I insert the thumb drive again and search through the files until I find it: a text document labeled "VAULT_CODE.txt." I open it, and a dialog box appears requesting a password.

A word from my childhood. Something that made me who I am.

I think back, past the missing months, past my career at the clinic, past my training and education. Back to the beginning, to the memory that first taught me why memories matter.

My grandmother, sitting beside me in her garden, telling me stories. Her hands wrinkled and spotted with age, gentle as she braided flowers into my hair. Her voice, warm as summer, speaking a word that meant both "remember" and "hold dear" in the language she'd brought from the old country.

A word I haven't thought about in years but that's been carved into my foundation since I was small enough to sit in her lap.

I type it into the password field: memento.

The encryption breaks. The file opens.

Six digits appear on the screen, simple and devastating: 052847.

The code to unlock my memory vault.

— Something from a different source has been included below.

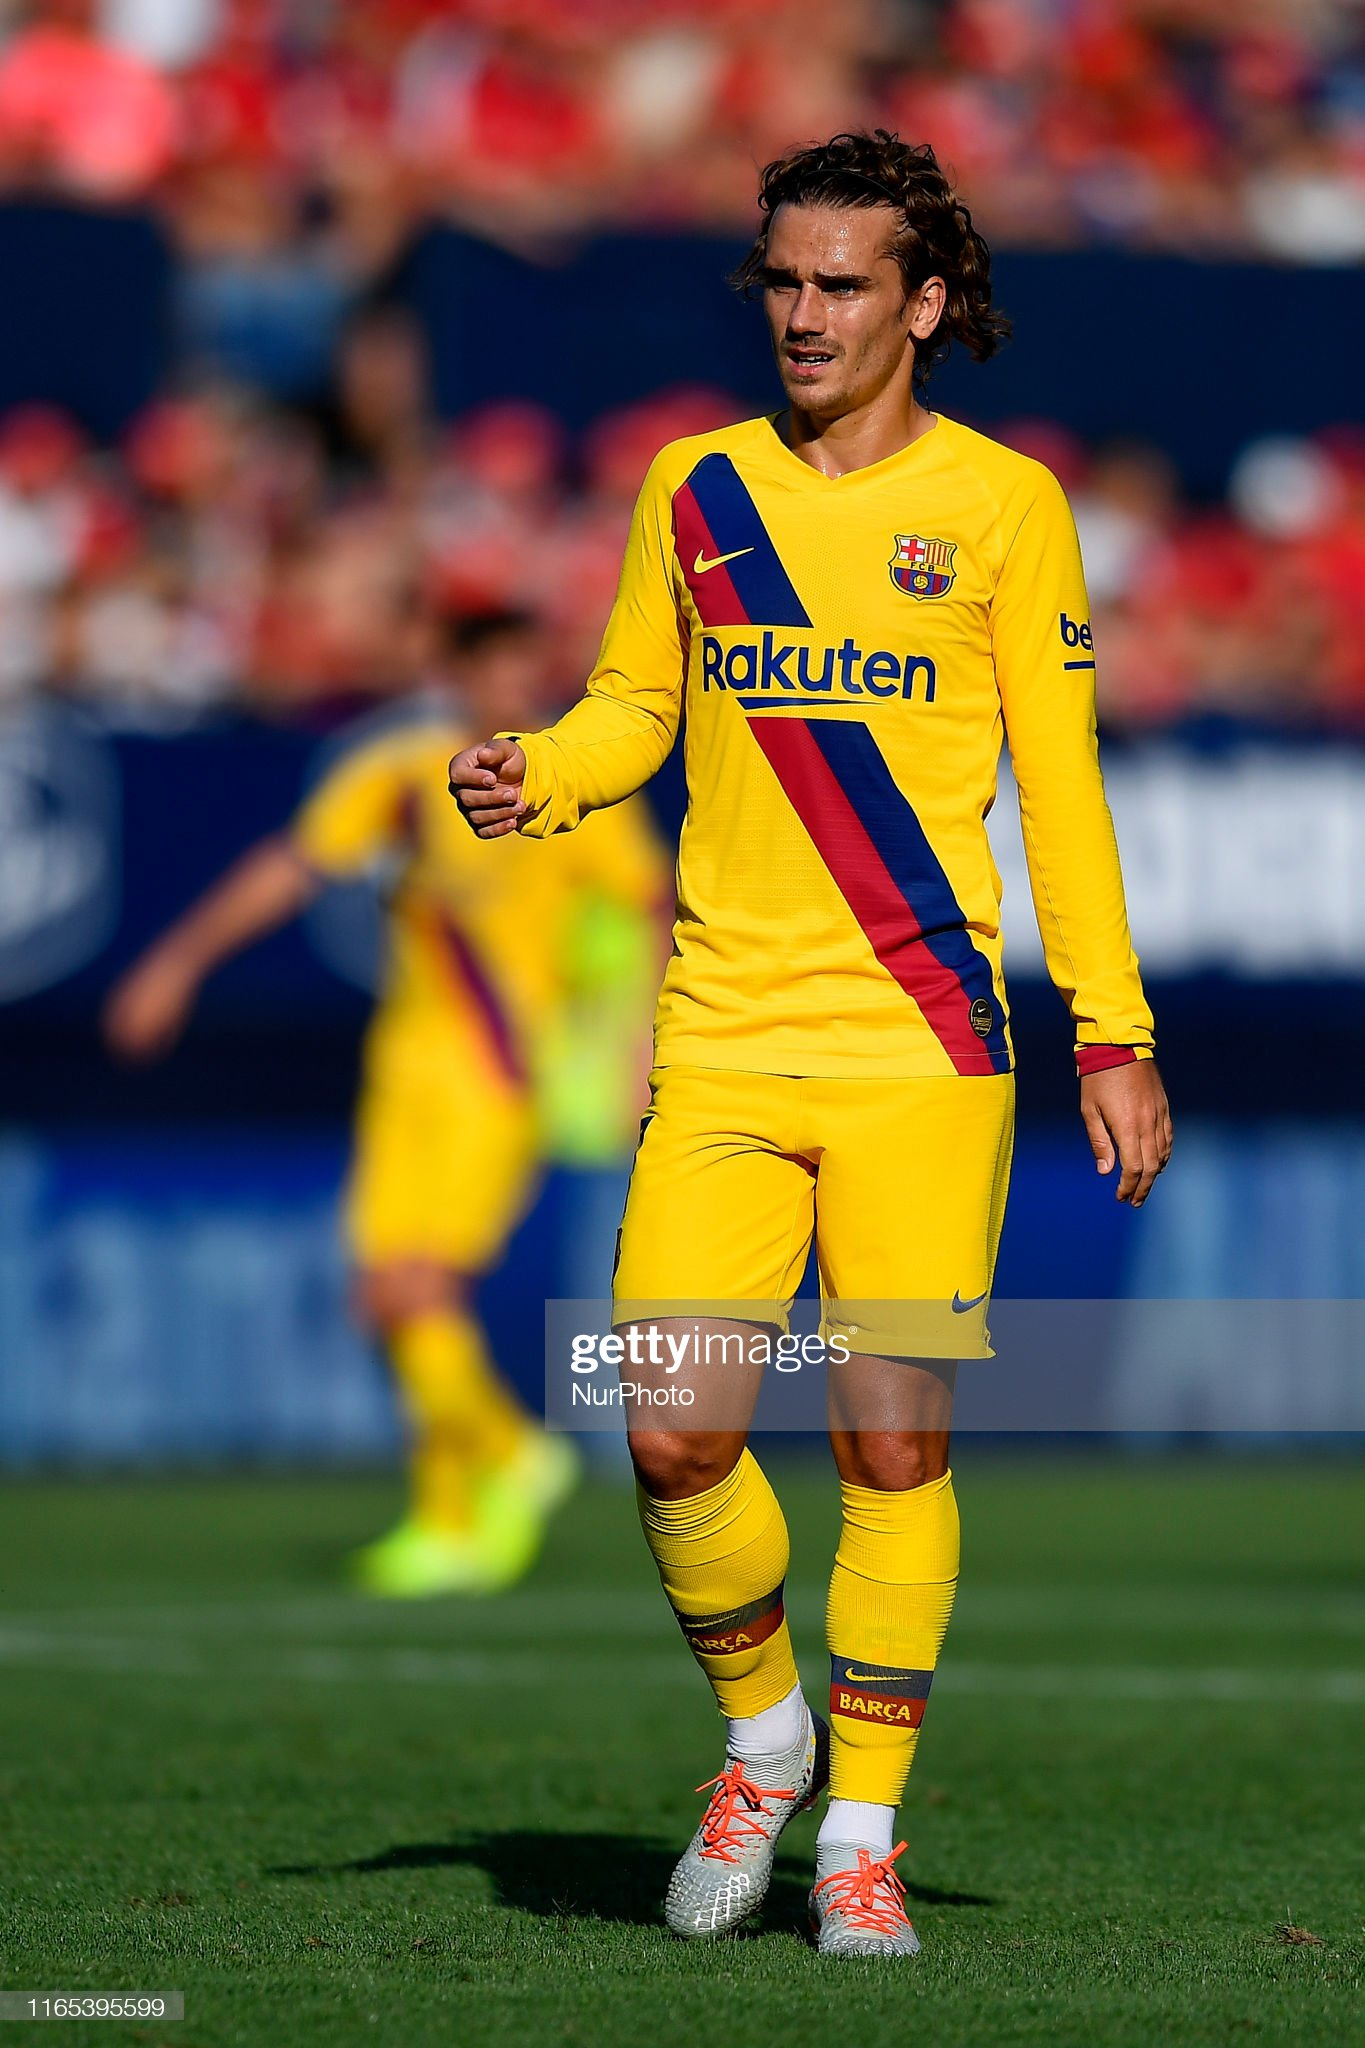 صور مباراة : أوساسونا - برشلونة 2-2 ( 31-08-2019 )  Antoine-griezmann-of-barcelona-during-the-liga-match-between-ca-and-picture-id1165395599?s=2048x2048

The key to six months of experience, emotion, and evidence that I chose to lock away.

I stare at the numbers, memorizing them even as part of me wonders if I should. My past self left warnings. Don't open this. You chose to forget for a reason.

But she also left a way back. She gave Daniel the code. She created this elaborate fail-safe, this breadcrumb trail leading me exactly here, to this moment, to this choice.

Open the vault or trust the warning. Remember or remain in carefully constructed ignorance. Become whole or stay fractured.

The decision sits before me like a door I can't see beyond, and my hand is on the handle, and time is running out.